* _Directions for this task_:
Start at the line below containing "屋檐 蓝色 天空 大气" and stop at the line containing "Ο Εμμανουήλ Καραλής". Repeat every line of that stretch exactly, and nothing outside it.

* _Records for the task_:
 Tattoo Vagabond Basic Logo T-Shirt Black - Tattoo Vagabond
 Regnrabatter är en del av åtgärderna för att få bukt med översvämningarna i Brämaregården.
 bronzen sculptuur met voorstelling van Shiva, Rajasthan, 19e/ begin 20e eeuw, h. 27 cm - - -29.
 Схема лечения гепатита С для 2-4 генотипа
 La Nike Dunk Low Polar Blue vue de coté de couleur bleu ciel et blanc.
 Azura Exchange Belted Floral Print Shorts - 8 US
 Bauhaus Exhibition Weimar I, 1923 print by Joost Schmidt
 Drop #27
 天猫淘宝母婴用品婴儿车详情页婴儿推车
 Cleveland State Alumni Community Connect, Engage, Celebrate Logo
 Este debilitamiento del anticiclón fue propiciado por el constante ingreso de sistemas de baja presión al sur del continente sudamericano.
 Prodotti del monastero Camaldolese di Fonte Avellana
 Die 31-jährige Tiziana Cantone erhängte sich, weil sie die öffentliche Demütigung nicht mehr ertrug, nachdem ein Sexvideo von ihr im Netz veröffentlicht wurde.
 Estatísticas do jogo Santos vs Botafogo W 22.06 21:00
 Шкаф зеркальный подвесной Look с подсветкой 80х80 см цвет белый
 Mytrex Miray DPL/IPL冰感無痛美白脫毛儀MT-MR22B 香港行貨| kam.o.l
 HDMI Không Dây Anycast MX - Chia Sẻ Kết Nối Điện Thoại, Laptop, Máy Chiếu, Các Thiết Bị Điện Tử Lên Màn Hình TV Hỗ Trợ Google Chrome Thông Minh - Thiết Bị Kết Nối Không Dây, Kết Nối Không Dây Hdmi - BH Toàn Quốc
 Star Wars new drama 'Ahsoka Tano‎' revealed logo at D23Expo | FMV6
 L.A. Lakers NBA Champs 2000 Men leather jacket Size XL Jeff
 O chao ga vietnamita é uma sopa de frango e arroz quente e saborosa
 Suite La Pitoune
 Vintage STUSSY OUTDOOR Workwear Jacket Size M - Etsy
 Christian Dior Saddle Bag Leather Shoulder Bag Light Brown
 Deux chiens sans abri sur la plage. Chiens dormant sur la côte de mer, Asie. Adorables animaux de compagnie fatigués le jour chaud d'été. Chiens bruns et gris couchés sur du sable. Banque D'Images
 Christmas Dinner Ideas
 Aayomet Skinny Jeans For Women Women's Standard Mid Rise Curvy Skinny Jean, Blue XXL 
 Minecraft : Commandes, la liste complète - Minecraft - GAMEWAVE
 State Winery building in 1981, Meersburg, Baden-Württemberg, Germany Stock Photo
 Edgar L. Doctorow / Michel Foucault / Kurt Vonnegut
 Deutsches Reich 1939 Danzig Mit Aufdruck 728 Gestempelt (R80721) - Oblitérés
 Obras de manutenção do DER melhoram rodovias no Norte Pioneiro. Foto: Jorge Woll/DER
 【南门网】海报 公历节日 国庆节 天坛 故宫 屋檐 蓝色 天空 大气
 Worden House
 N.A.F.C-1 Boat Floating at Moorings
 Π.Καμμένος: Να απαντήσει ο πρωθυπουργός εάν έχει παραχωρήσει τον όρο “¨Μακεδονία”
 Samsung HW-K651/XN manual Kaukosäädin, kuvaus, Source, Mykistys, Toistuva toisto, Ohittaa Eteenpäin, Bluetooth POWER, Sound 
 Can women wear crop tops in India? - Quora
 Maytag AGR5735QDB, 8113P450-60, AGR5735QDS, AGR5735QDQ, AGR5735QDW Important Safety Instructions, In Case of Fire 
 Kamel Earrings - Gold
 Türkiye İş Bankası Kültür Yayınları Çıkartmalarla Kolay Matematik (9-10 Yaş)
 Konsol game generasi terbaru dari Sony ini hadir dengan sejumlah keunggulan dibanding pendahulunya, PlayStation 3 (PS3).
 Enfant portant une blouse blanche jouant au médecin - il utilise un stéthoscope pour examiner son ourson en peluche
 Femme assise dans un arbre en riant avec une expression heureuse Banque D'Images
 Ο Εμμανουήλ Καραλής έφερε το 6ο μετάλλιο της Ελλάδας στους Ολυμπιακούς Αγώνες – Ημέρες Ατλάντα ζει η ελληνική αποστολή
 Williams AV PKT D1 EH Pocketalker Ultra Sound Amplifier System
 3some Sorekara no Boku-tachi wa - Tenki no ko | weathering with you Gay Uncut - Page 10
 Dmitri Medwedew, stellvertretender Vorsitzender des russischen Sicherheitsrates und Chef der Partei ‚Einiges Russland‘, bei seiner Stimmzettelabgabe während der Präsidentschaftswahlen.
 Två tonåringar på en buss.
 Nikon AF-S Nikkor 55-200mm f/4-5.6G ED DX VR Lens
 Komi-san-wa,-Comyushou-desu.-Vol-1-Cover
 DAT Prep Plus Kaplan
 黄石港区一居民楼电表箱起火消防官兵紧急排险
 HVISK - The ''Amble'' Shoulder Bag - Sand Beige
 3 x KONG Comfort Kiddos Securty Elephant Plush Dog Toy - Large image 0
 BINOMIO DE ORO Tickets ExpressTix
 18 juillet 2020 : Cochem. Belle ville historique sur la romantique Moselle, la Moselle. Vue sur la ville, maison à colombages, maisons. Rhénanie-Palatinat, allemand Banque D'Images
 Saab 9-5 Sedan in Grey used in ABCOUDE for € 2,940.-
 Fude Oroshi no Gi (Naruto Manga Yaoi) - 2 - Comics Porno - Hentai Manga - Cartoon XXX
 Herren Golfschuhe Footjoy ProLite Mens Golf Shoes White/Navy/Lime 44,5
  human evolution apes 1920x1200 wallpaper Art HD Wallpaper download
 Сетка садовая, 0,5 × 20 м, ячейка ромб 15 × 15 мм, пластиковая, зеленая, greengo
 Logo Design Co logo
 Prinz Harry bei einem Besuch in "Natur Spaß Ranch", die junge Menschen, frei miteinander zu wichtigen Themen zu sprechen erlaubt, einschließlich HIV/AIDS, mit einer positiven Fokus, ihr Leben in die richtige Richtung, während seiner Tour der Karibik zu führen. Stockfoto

* _Reply_:
 【南门网】海报 公历节日 国庆节 天坛 故宫 屋檐 蓝色 天空 大气
 Worden House
 N.A.F.C-1 Boat Floating at Moorings
 Π.Καμμένος: Να απαντήσει ο πρωθυπουργός εάν έχει παραχωρήσει τον όρο “¨Μακεδονία”
 Samsung HW-K651/XN manual Kaukosäädin, kuvaus, Source, Mykistys, Toistuva toisto, Ohittaa Eteenpäin, Bluetooth POWER, Sound 
 Can women wear crop tops in India? - Quora
 Maytag AGR5735QDB, 8113P450-60, AGR5735QDS, AGR5735QDQ, AGR5735QDW Important Safety Instructions, In Case of Fire 
 Kamel Earrings - Gold
 Türkiye İş Bankası Kültür Yayınları Çıkartmalarla Kolay Matematik (9-10 Yaş)
 Konsol game generasi terbaru dari Sony ini hadir dengan sejumlah keunggulan dibanding pendahulunya, PlayStation 3 (PS3).
 Enfant portant une blouse blanche jouant au médecin - il utilise un stéthoscope pour examiner son ourson en peluche
 Femme assise dans un arbre en riant avec une expression heureuse Banque D'Images
 Ο Εμμανουήλ Καραλής έφερε το 6ο μετάλλιο της Ελλάδας στους Ολυμπιακούς Αγώνες – Ημέρες Ατλάντα ζει η ελληνική αποστολή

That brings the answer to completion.